Command exit status:
  1

Command output:
  tiny_t_L007 /sc/arion/projects/user/name/output_pipeline_nextflow/test_tiny_datasets/bwamem/tiny_t_L007.sorted.bam
  
  #
  # There is insufficient memory for the Java Runtime Environment to continue.
  # Cannot create GC thread. Out of system resources.
  # An error report file with more information is saved as:
  # hs_err_pid148553.log

Command error:
  tiny_t_L007 /sc/arion/projects/user/name/output_pipeline_nextflow/test_tiny_datasets/bwamem/tiny_t_L007.sorted.bam
  
  
  The following have been reloaded with a version change:
    1) java/11.0.2 => java/1.8.0_211
  
  Using GATK jar /hpc/packages/minerva-centos7/gatk/4.1.3.0/gatk-4.1.3.0/gatk-package-4.1.3.0-local.jar
  Running:
      java -Dsamjdk.use_async_io_read_samtools=false -Dsamjdk.use_async_io_write_samtools=true -Dsamjdk.use_async_io_write_tribble=false -Dsamjdk.compression_level=2 -jar /hpc/packages/minerva-centos7/gatk/4.1.3.0/gatk-4.1.3.0/gatk-package-4.1.3.0-local.jar MarkDuplicates -I /sc/arion/projects/user/name/output_pipeline_nextflow/test_tiny_datasets/bwamem/tiny_t_L007.sorted.bam -O tiny_t_L007.dedup.sorted.bam -M tiny_t_L007.markdup.metrics.txt
  #
  # There is insufficient memory for the Java Runtime Environment to continue.
  # Cannot create GC thread. Out of system resources.
  # An error report file with more information is saved as:
  # hs_err_pid148553.log

Work dir:
  /sc/arion/projects/user/name/nextflow_pipeline/scripts_pipeline/work/e1/0b2f8095e9b0caf074691786ed4c1e

Tip: when you have fixed the problem you can continue the execution adding the option `-resume` to the run command line

The following runs fine:

gatk MarkDuplicates -I /sc/arion/projects/name/name/output_pipeline_nextflow/test_tiny_datasets/bwamem/tiny_t_L003.sorted.bam         -O tiny_t_L003.dedup.sorted.bam         -M tiny_t_L003.markdup.metrics.txt

Or following also works fine:

java -Dsamjdk.use_async_io_read_samtools=false -Dsamjdk.use_async_io_write_samtools=true -Dsamjdk.use_async_io_write_tribble=false -Dsamjdk.compression_level=2 -jar /hpc/packages/minerva-centos7/gatk/4.1.3.0/gatk-4.1.3.0/gatk-package-4.1.3.0-local.jar MarkDuplicates -I /sc/arion/projects/username/path/output_pipeline_nextflow/test_tiny_datasets/bwamem/tiny_t_L001.sorted.bam -O tiny_t_L001.dedup.sorted.bam -M tiny_t_L001.markdup.metrics.txt

Solution

  • I think you're just out of memory here.

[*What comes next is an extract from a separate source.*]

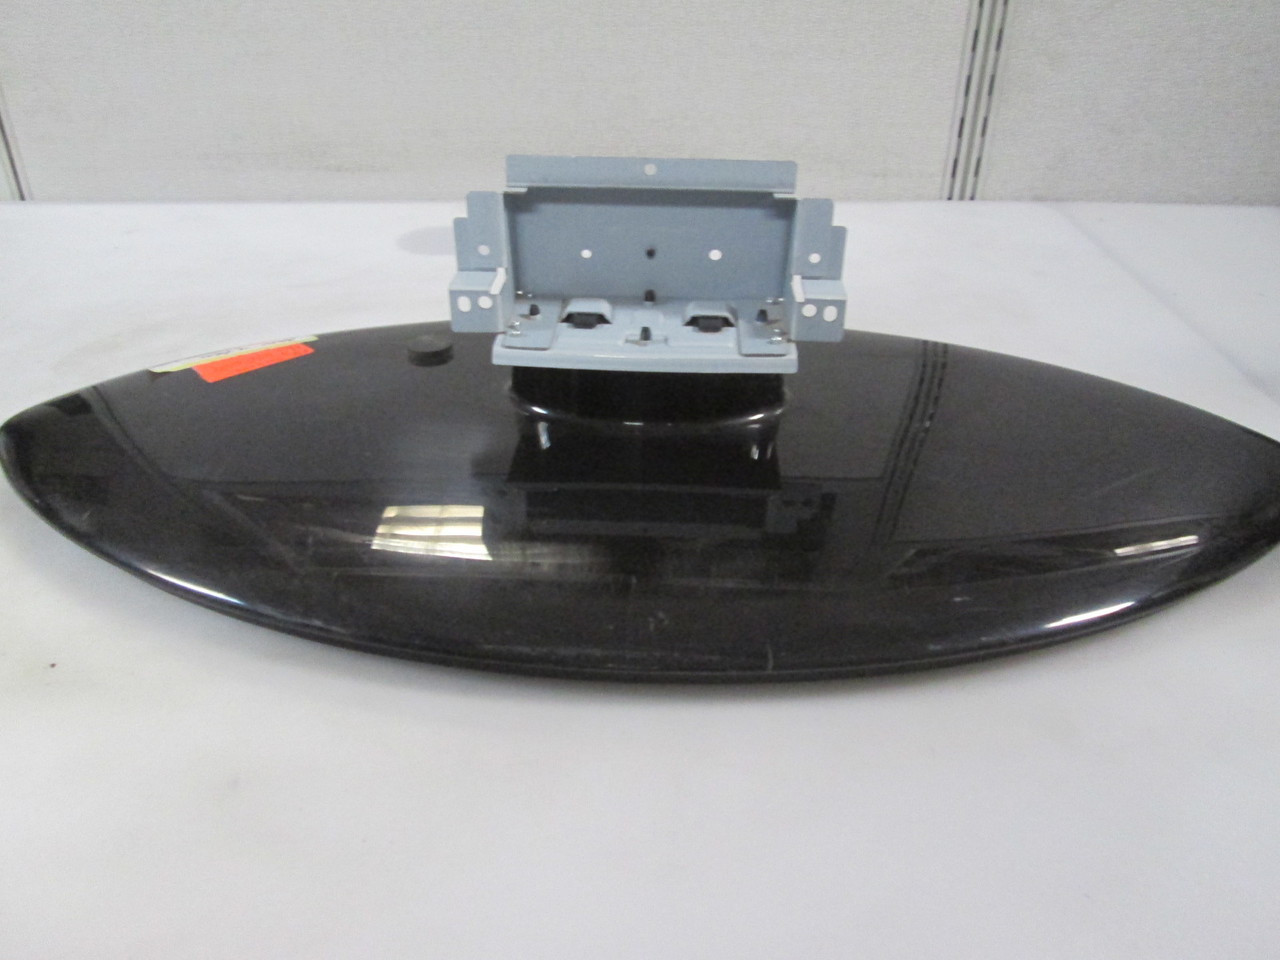 Toshiba 40E210U Complete Screw Set for Base Stand Pedestal and Neck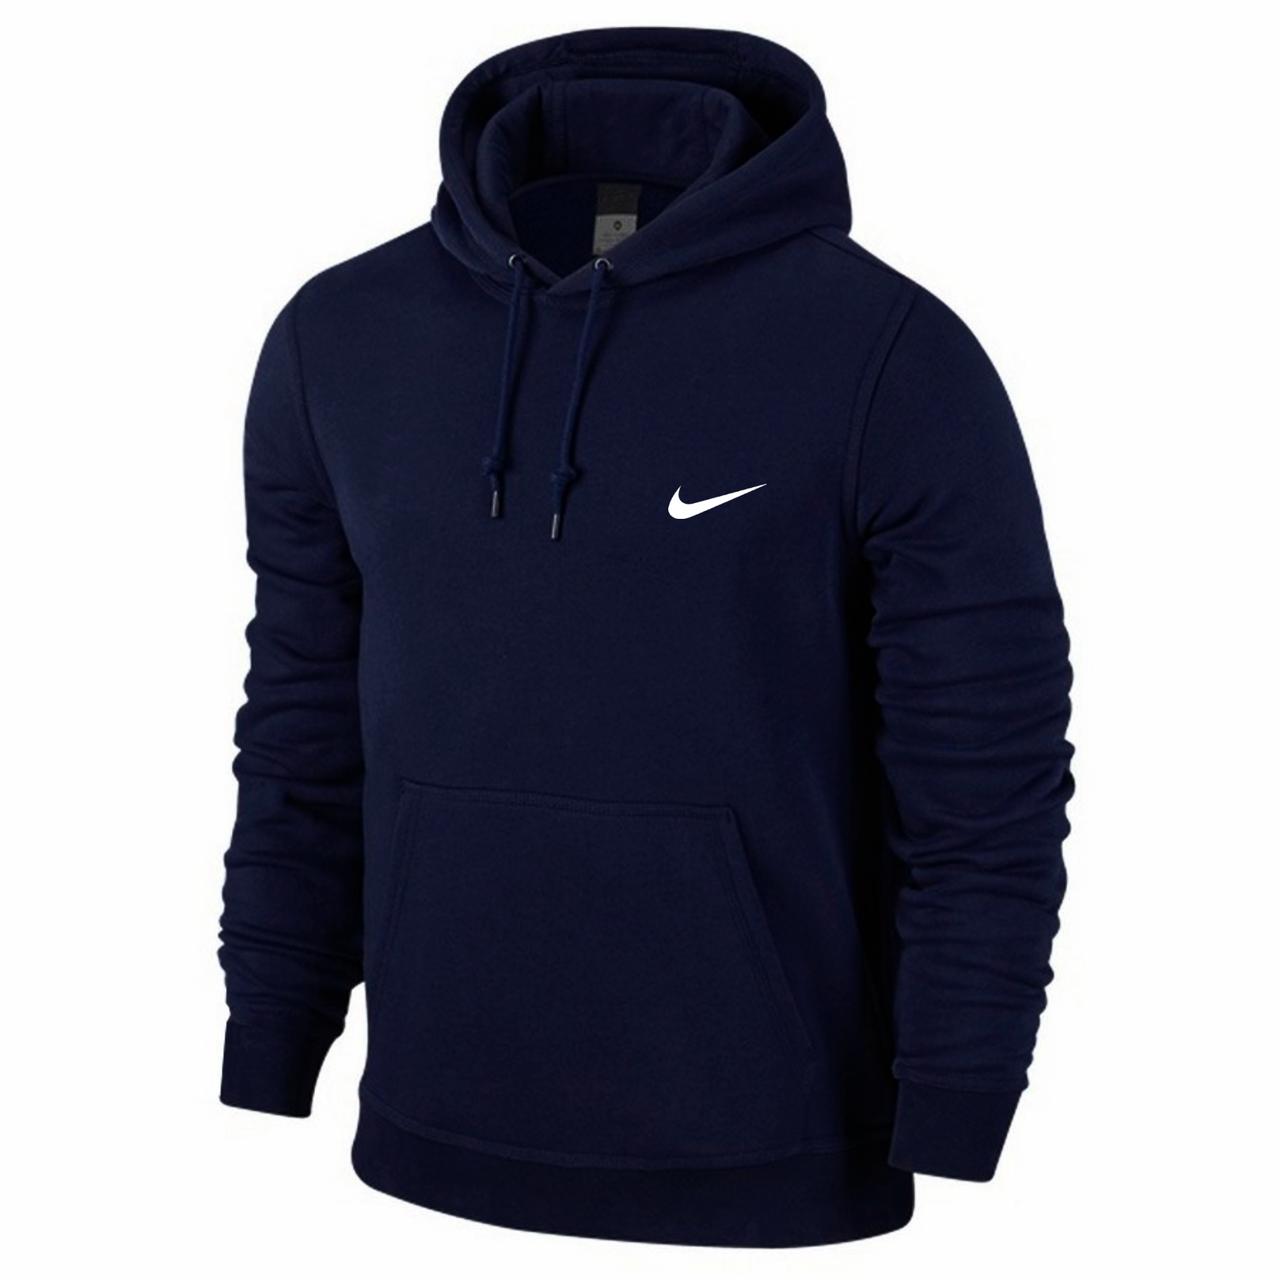 РАЗМЕР S Толстовка мужская кенгуру Nike, синяя

If you haven't specified how much memory the job is allowed to use using the memory directive, it's likely your job is being submitted with whatever the default value is, as determined by your job scheduler. This is often a low number (e.g. 1 GB) and is less than what the JRE requires to run GATK. For a coordinate sorted BAM, using the --ASSUME_SORT_ORDER option might also be helpful here, for example:

    process gatk_markduplicates {
    
        tag { sample_id }
    
        publishDir params.gatk_mark_duplicates, mode: "copy"
    
        module 'gatk/4.1.3.0'
        memory 8.GB    
    
        input:
        tuple val(sample_id), path(sorted_bam) 
            
        output:
        tuple val(sample_id), path("${sample_id}.dedup.sorted.bam"), emit: bam
        tuple val(sample_id), path("${sample_id}.markdup.metrics.txt"), emit: metrics
    
        script:
        def avail_mem = task.memory ? task.memory.toGiga() : 0
        def java_options = [
            avail_mem ? "-Xmx${avail_mem}G" : "",
            "-Djava.io.tmpdir='\${PWD}/tmp'",
            "-XX:+UseSerialGC",
        ]
    
        """
        gatk \\
            --java-options "${java_options.join(' ')}" \\
        MarkDuplicates \\
            --INPUT "${sorted_bam}" \\
            --METRICS_FILE "${sample_id}.markdup.metrics.txt" \\
            --OUTPUT "${sample_id}.dedup.sorted.bam" \\
            --ASSUME_SORT_ORDER coordinate
        """
    }
    

    Note that your input block will ensure that the sorted BAM is staged into the process working directory. Using an absolute path here (i.e. params.outdir_bwa_mem) to access a different file outside of this directory with the same file name is not what you want.